Seqanswers Leaderboard Ad

Collapse

Announcement

Collapse
No announcement yet.
X
 
  • Filter
  • Time
  • Show
Clear All
new posts

  • #16
    Originally posted by bioinfosm View Post
    I am still curious as to how SOLiD and Solexa compare apples-to-apples. Both produce short reads, but still not much about how similar or complementary they are!

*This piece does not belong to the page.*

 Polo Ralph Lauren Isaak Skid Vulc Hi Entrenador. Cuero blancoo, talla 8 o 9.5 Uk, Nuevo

    Met a few at AGBT and still could not find the answers..
    It's not easy to compare since throughput changes so fast on both instruments - for example the latest Genome Biology RNA-seq paper used 38 lanes to get 138 M aligned reads which is a number you can get from one SOLiD slide (1/2 run) today. What the current numbers are for the GA-II I do not know. What sort of apples are you interrested in comparing?...

    Comment


    • #17
      I am interested in the quality of data. Using say 6million 35bp reads on the same sample, which instrument should one prefer, say for SNP calling. From a celegans comparison paper, it looks SOLiD has a slight advantage in calling rare SNP? Does its 2-base encoding really give more accurate results?
      --
      bioinfosm

      Comment


      • #18
        Originally posted by new300 View Post
        How many raw and aligned reads per run do you get out of your Solid?
        From a project that I have been working on this week since the data come off the sequencer Monday evening. This is one run. Mate-paired 25-base to a non-human eukaryotic organism. One region/plate.

        Raw reads: ~142M

        Mapped R3 reads: ~114M for unique & random at 3 mismatches
        Mapped F3 reads: ~118M (ditto)

        Mapped R3 reads: ~77M for uniquely placed reads at 3 mismatches
        Mapped F3 reads: ~75M (ditto)

        Paired F3-R3 reads: ~78M

        So Approximately 3900 Mbases. (78M times 50 bases).

        SNP analysis is currently in progress on the paired reads. From my work with the mapped but not-paired reads we should obtain quite a few SNPs.

        Comment


        • #19
          Originally posted by bioinfosm View Post
          I am interested in the quality of data. Using say 6million 35bp reads on the same sample, which instrument should one prefer, say for SNP calling. From a celegans comparison paper, it looks SOLiD has a slight advantage in calling rare SNP? Does its 2-base encoding really give more accurate results?
          In theory color-space should give more accurate results for SNP calling. The concept is that it takes two adjacent color space mismatch to indicate a SNP. If you see a single color-space mismatch then you can flag read that as a sequencer error. Compare this to traditional base-space where, when you see a single mismatch, you have no idea if this arises from a sequencer error or a SNP. Depth of coverage can take help resolve the problem but there are limits to that especially for rare SNPs.

          In practice the rate of sequencer error could play a major role. Obviously if there is too much sequencer error then too much data will be thrown away and nothing will be found. The SOLiD's error rate may be higher than the Solexa's. I do not have firm numbers on this, however.

          Let's do a couple of thought experiments. Say that there is a common SNP that occurs in 50% of the population. Furthermore say that the SOLiD has a 0.5% error rate per base while the Solexa is 1/5 that - 0.1% per base [note that I am just making up those numbers -- the actual rates are probably much different]. If we pool 100 individuals together in a run of 25 mers then -- very roughly since I am doing simple probability here --

          The SOLiD run will -- for sequencer errors -- generate 12 - 13 runs with a single mismatch and 0 - 1 runs with adjacent mismatches.

          Co-mingled with the above will be 50 runs with 2 adjacent mismatches that represent the SNPs.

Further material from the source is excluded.